#### [Your task]
From the records below, print exactly the lines starting at the one containing "Daniel-Grahame-Black-Dale-Mix-Match-Suit-Jacket" and ending at the one containing "World, and 'Sogo", ends included, and nothing else.

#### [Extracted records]
- Opening Delimiter -

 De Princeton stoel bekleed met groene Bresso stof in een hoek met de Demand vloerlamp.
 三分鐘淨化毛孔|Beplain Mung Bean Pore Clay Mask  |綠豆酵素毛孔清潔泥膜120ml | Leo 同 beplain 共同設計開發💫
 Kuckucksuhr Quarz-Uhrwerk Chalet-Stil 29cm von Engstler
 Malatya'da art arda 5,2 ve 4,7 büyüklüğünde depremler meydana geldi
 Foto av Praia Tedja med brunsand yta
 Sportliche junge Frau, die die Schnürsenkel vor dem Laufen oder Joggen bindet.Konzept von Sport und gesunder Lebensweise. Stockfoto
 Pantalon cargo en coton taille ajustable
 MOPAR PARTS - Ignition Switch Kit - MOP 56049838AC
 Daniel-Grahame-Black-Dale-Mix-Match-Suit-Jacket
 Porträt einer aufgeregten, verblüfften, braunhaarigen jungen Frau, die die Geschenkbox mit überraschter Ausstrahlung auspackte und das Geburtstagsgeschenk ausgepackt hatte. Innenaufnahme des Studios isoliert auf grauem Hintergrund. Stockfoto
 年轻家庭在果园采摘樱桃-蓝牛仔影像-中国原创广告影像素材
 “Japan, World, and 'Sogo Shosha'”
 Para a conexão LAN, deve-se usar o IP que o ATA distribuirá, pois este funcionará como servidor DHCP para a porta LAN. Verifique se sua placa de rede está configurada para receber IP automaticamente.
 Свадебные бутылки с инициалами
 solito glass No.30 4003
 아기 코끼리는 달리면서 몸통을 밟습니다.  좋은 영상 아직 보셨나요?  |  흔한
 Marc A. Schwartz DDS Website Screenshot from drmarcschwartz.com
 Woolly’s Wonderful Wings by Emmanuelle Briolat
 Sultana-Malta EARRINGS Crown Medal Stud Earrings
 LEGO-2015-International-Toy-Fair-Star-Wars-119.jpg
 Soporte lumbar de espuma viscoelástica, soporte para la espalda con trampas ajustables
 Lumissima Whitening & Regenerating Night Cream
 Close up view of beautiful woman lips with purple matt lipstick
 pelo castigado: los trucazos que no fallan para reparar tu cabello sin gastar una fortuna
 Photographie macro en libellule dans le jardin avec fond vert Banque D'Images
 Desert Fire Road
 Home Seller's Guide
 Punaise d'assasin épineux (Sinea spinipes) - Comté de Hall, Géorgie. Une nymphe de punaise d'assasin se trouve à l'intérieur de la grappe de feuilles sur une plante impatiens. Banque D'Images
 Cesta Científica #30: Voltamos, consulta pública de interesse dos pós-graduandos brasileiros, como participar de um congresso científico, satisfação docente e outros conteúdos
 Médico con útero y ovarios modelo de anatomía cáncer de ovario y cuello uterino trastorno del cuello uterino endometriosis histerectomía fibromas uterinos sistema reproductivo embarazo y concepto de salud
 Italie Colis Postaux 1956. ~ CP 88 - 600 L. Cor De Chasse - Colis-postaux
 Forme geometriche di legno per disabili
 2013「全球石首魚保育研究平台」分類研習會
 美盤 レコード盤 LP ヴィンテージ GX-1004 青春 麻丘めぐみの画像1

- Closing Delimiter -

#### [Solution for this task]
 Daniel-Grahame-Black-Dale-Mix-Match-Suit-Jacket
 Porträt einer aufgeregten, verblüfften, braunhaarigen jungen Frau, die die Geschenkbox mit überraschter Ausstrahlung auspackte und das Geburtstagsgeschenk ausgepackt hatte. Innenaufnahme des Studios isoliert auf grauem Hintergrund. Stockfoto
 年轻家庭在果园采摘樱桃-蓝牛仔影像-中国原创广告影像素材
 “Japan, World, and 'Sogo Shosha'”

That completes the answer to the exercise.